Tudo levaria a crer que, na semana que sucede à decisão do Campeonato Estadual de Futebol, o assunto seria a final de domingo. A desgraça desta crônica, porém, é que ela sai às quartas-feiras, quando, três dias após o embate, tudo já foi impresso, mostrado e dito sobre o jogo. Ainda que pudesse hoje - e eventualmente aqui - surgir alguma reflexão original sobre o tema, ela já não interessaria a mais ninguém, voltados que estamos, todos nós, a novos sucessos, a enredos mais recentes. De qualquer forma, como sabemos, ficou tudo azul.

Devido a esse formidável lapso, optou-se por um assunto de que pouco se falou nos últimos tempos: a inesgotável paciência que Herr Karl Ritter von Frisch demonstrou ao longo de 50 anos - Ritter, no caso, entendido como o título de Cavaleiro, ao invés de ser nome do meio: Senhor Carlos, Cavaleiro de Frisch (a Internet é fantástica!). Bem, tempo ele teve pra isso, pois morreu às vésperas dos 96 de idade. Sobraram-lhe ainda 46 anos para tratar da vida.

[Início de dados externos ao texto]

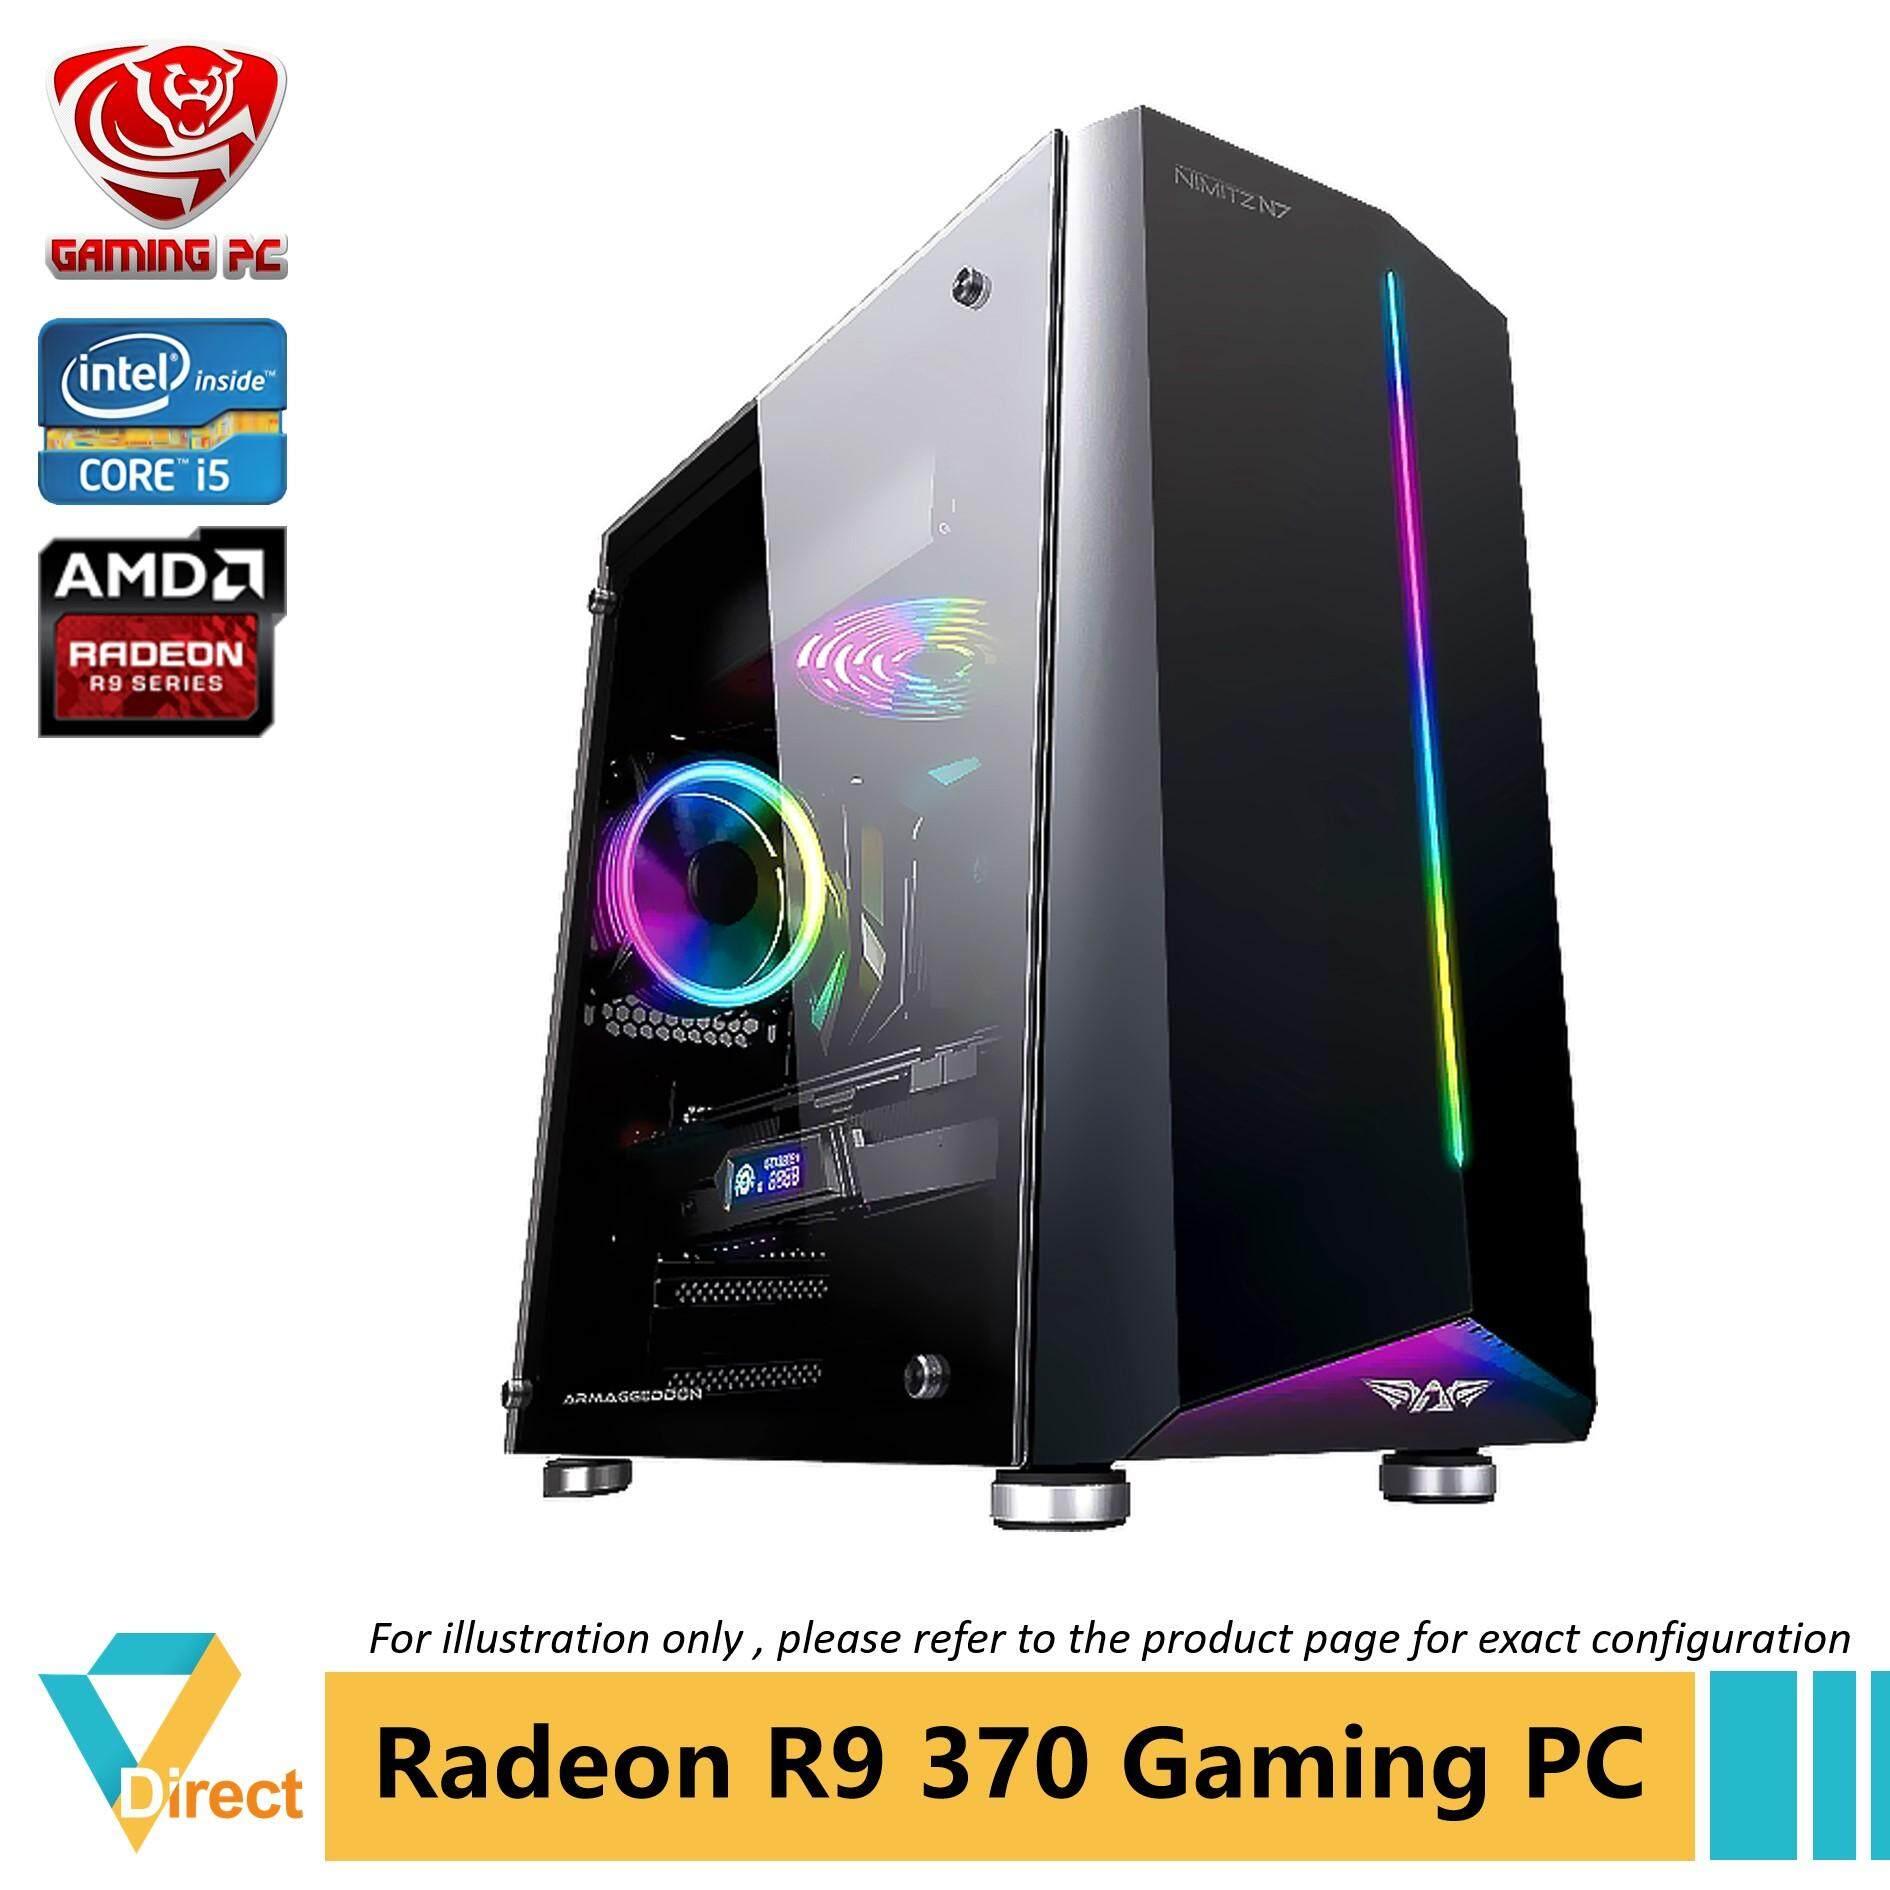 Pubg Radeon Settings

Um dia, von Frisch deu para reparar nas abelhas que produzem mel. Queria saber como a Cabral delas mandava comunicar a descoberta, avisar que tinha terra nova, isto é, flores e néctar, à disposição da colmeia, como informava a distância do tesouro e, especialmente, a direção em que ele se encontrava (para que suas colegas de trabalho não fizessem a besteira de sair para as Índias e dar com as fuças nas costas do Brasil).

Para tanto, Herr Frisch colocou duas taças com água e açúcar a distâncias diferentes da colmeia. As abelhas começaram a buscar a água açucarada em ambas. Ele, então, marcou com um ponto azul as abelhas que visitavam a taça próxima e, vermelho, a distante. Viram a utilidade da paciência? De volta à casa, as abelhas azuis "dançavam em círculo para avisar as companheiras", enquanto as vermelhas "faziam pequenos movimentos agitados". Quanto mais distantes eram postas as taças, mais aumentava o ritmo da dança das abelhinhas do Sr. von Frisch. Ao longo da tarde, o ângulo do plano da dança variava conforme o ângulo que o Sol descrevia no céu: isto definia a direção em que o alimento se encontrava.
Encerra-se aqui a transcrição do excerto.